Without statistical methods, clinical medicine would not be where it is today

Understanding of biology is the obvious cornerstone of clinical medicine. However, even when we claim to have a good mechanistic understanding of a disease, we can sometimes find that a treatment principle that should work in theory proves to have little or no effect in practice. An old and familiar example is the CAST study (1), which surprisingly showed that arrhythmia suppression with encainide and flecainide did not reduce mortality after a myocardial infarction when compared to placebo, but quite the reverse. In the field of drug development there are many Phase 3 studies that fail to show any effect of treatment, in spite of results from initial studies conducted on limited samples of healthy volunteers and patients (Phase 1 and Phase 2) showing a positive effect of the active ingredient (2, 3). In other words, a mechanistic understanding is often insufficient, most likely because we understand only a tiny part of the whole picture. In this situation, statistical methods have proven to be indispensable. When conducting randomised intervention studies, the methods of analysis do not even need to be particularly complicated.

In this issue of the Journal of the Norwegian Medical Association there are three articles that each in its own way addresses the topic of medical statistics. They illustrate that statistics have become an indispensable tool in medical research (4, 5), and that probability and statistics are part of everyday clinical practice (6). Our increasing insight into biological mechanisms has not necessarily made it any easier to understand diseases, identify risk factors or develop new treatment strategies. When complexity increases, it becomes evident that statistical methods are necessary to understand and explain the issue at hand.

As we know, medical research is largely based on drawing conclusions with the aid of p-values. Unless the p-values are misused and overinterpreted, this is a fully acceptable approach that (in combination with estimates of the effect size with an appurtenant confidence interval) has proven to be of major practical benefit, especially in analyses of experimental studies. However, as Pripp (4) points out in his article, for many the p-value is an oracular answer, the interpretation of which requires special competence. Even simple analyses may lead to erroneous conclusions, such as when multiple significance tests are undertaken.

In experimental studies that are based on randomisation and a sensible trial design, it will often be sufficient to use elementary statistical methods to undertake comparisons and estimate effects. Assigning patients randomly to different treatment groups implicitly ensures that any observed differences are caused either by an actual difference in effect or random variation. The p-values can thereby be interpreted directly.
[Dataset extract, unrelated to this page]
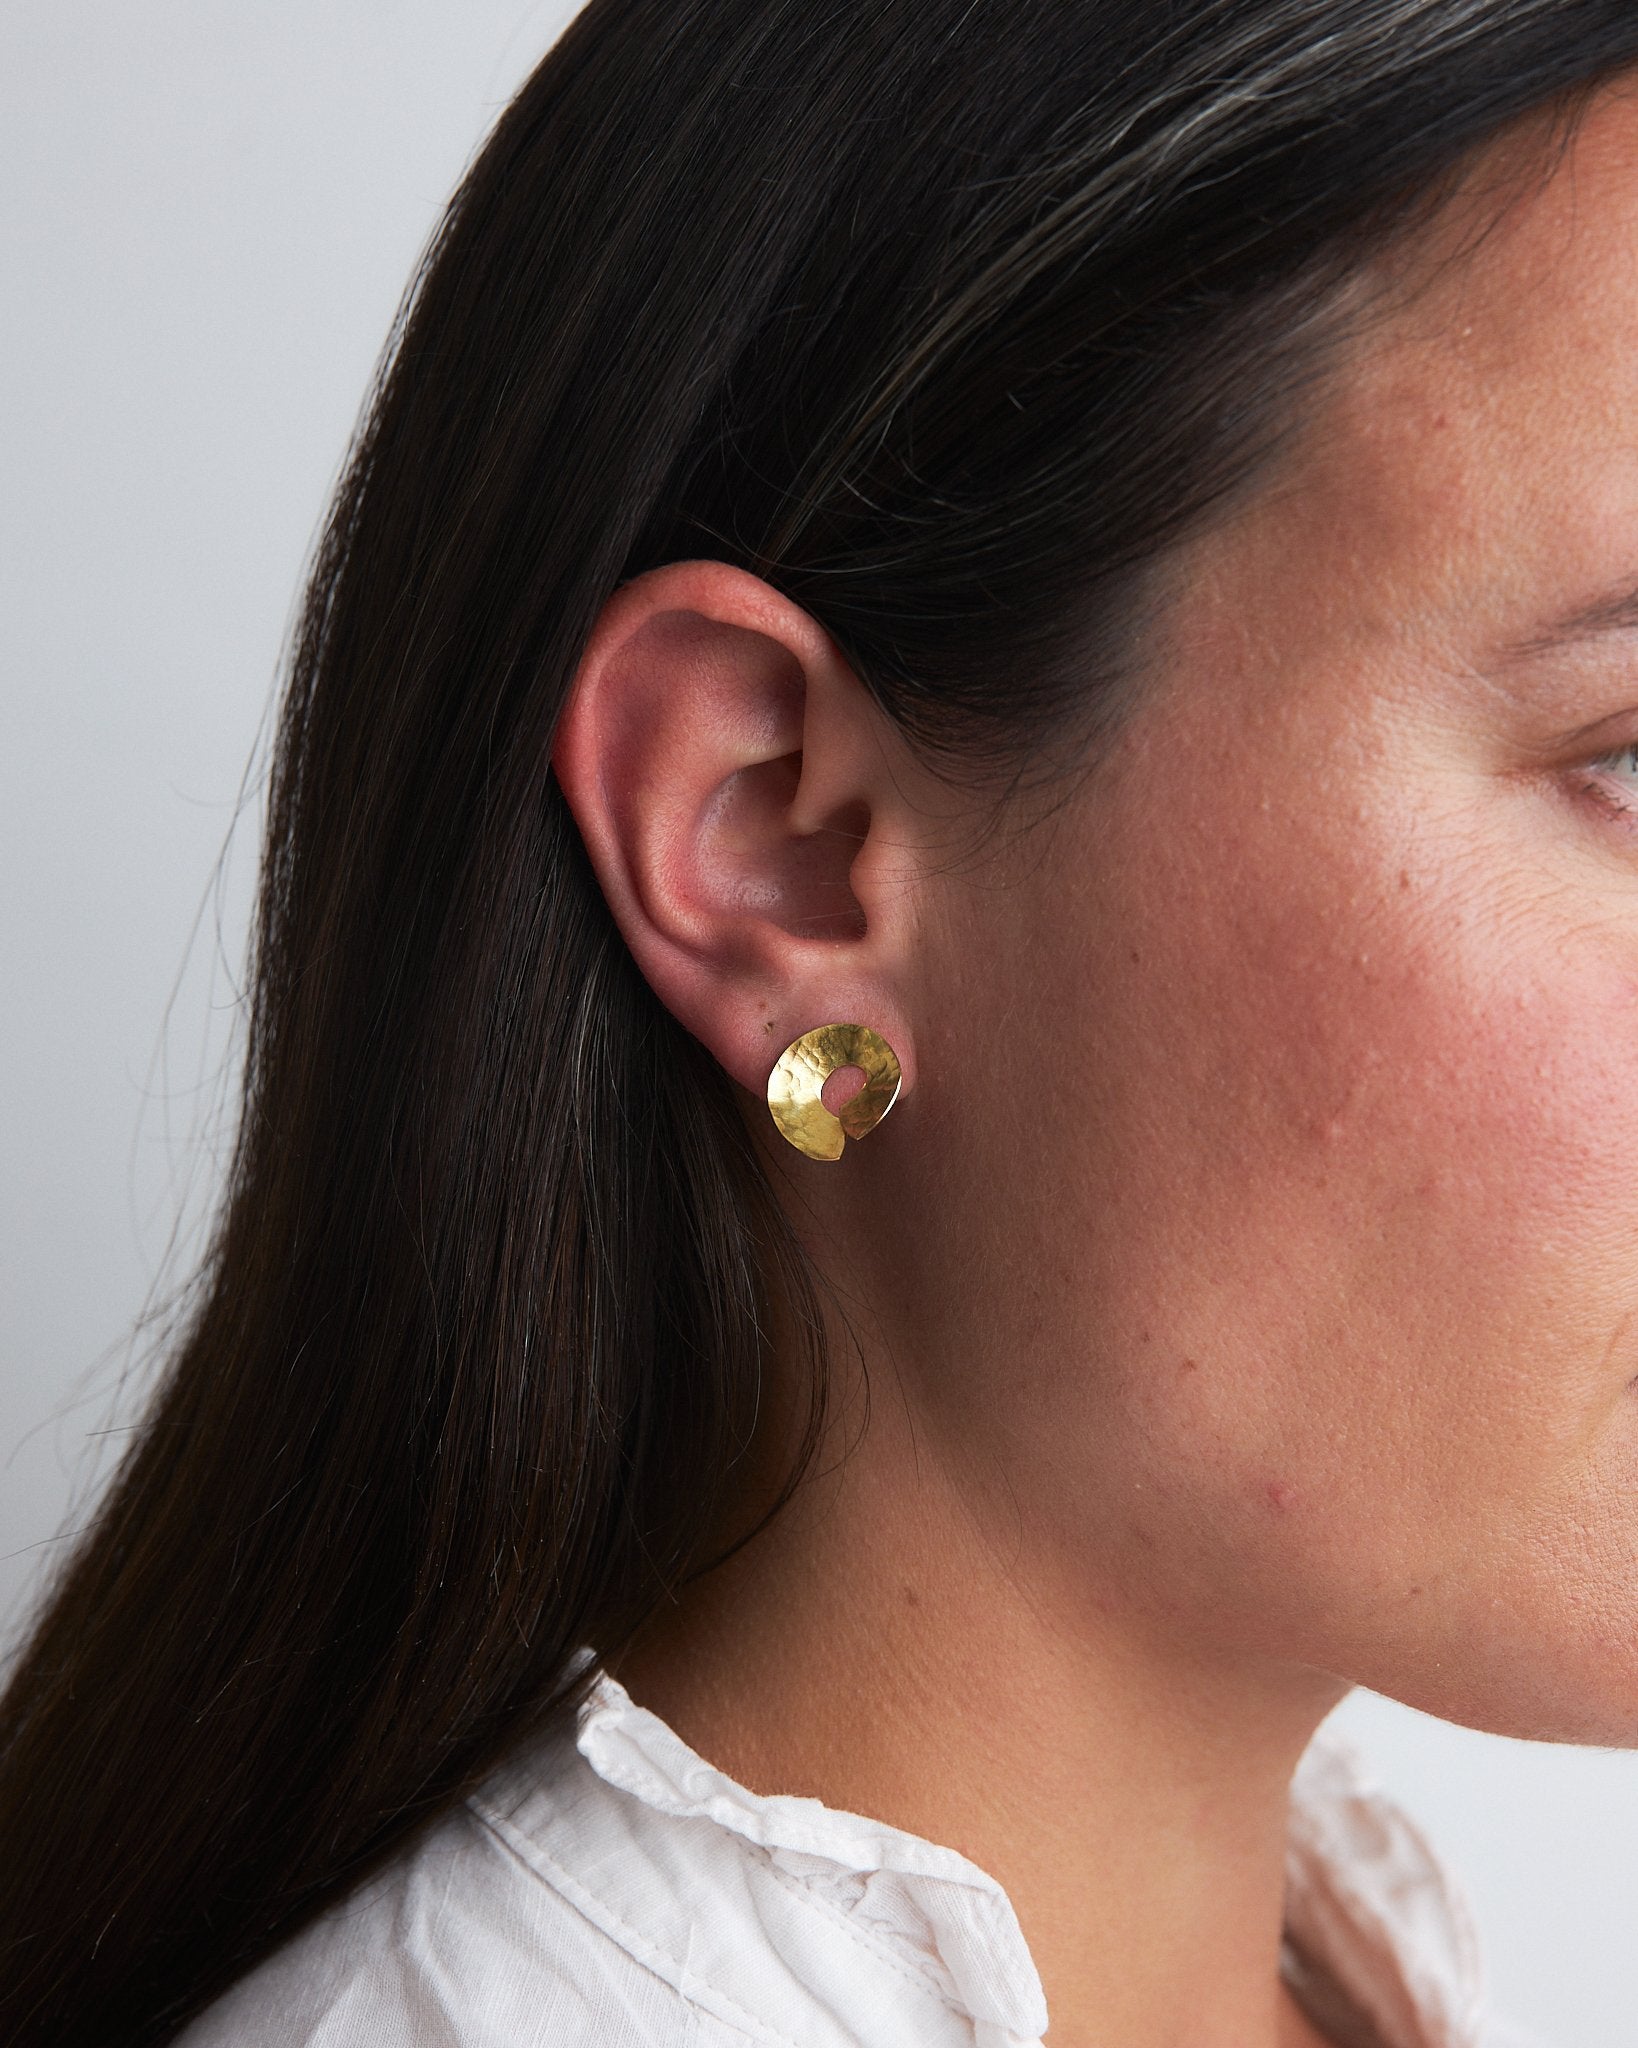 Codium Studs: handmade earrings in recycled brass, based on the shape of the ends of codium seaweed. Worn by a model.

Observational studies often pose greater challenges, since the results can be distorted by systematic bias or confounding (background) factors that have not been measured. Identifying causal associations can thus prove difficult. The gold standard for establishing causality is the randomised study, but in recent years *causal inference* has emerged as an important research area, and so-called directed acyclic graphs (DAG) are increasingly used in epidemiological research. Such graphs are useful for demonstrating associations and as tools for selecting the variables that should be included in a regression model, but they may often become highly complex and will obviously not be any better than our (occasionally limited) understanding of associations and mechanisms. The article by Stensrud and Aalen (5) clearly shows that causality is a challenging issue.

The choice between frequentist and Bayesian methods is subject to recurring debate. The frequentist tradition, which is clearly prevalent in medical science, is based on the formulation of a null hypothesis (the claim that we wish to disprove) and uses the data to reject it if the p-value is low.

If we are unable to undertake randomised studies and it is difficult to obtain new data on a sufficient number of patients, a Bayesian approach can be an alternative. Bayesian statistics summarise what we know (or assume) in advance regarding an unknown parameter in a so-called a priori distribution. The distribution of the new data from the trial is collated with this prior knowledge in an a posteriori distribution, and the likelihood of a hypothesis can then be quantified, because we estimate «the likelihood of the hypothesis given the data», and not «the likelihood of the data given the hypothesis» as in a frequentist approach. This is intuitively attractive, and as shown by Brakedal (6), Bayesian ideas are used more or less unconsciously for diagnostic purposes.

One reason why Bayesian methods have been less used than frequentist ones in medical research is that they are computationally demanding and were nearly inapplicable in practice before the advent of powerful computers. Another and even more important reason for their limited use in clinical research is that in experimental situations we do *not* want to be affected by pre-defined assumptions or beliefs. For example, pharmaceutical companies tend to be overly optimistic with regard to the efficacy of a new drug, but unfortunately, randomised studies will often show that in reality, the efficacy is not as convincing as expected – or even absent. To prevent overly positive assumptions or beliefs from influencing the conclusions it seems most appropriate to use a frequentist approach. When using a Bayesian approach it is, however, possible to enter a so-called non-informative a priori distribution. Then, the estimation will be made on the basis of the data alone, and the conclusion will thus be the same as when traditional frequentist methods are used.

Irrespective of approach, the increasing importance of statistics in all sectors of medicine is striking. Modelling of biological mechanisms that explain disease, as well as the effect of prevention and treatment, is increasing in complexity, and conclusions can rarely be drawn from a mere mechanistic understanding of biology. Thus, medical research is often completely reliant on advanced statistical analysis.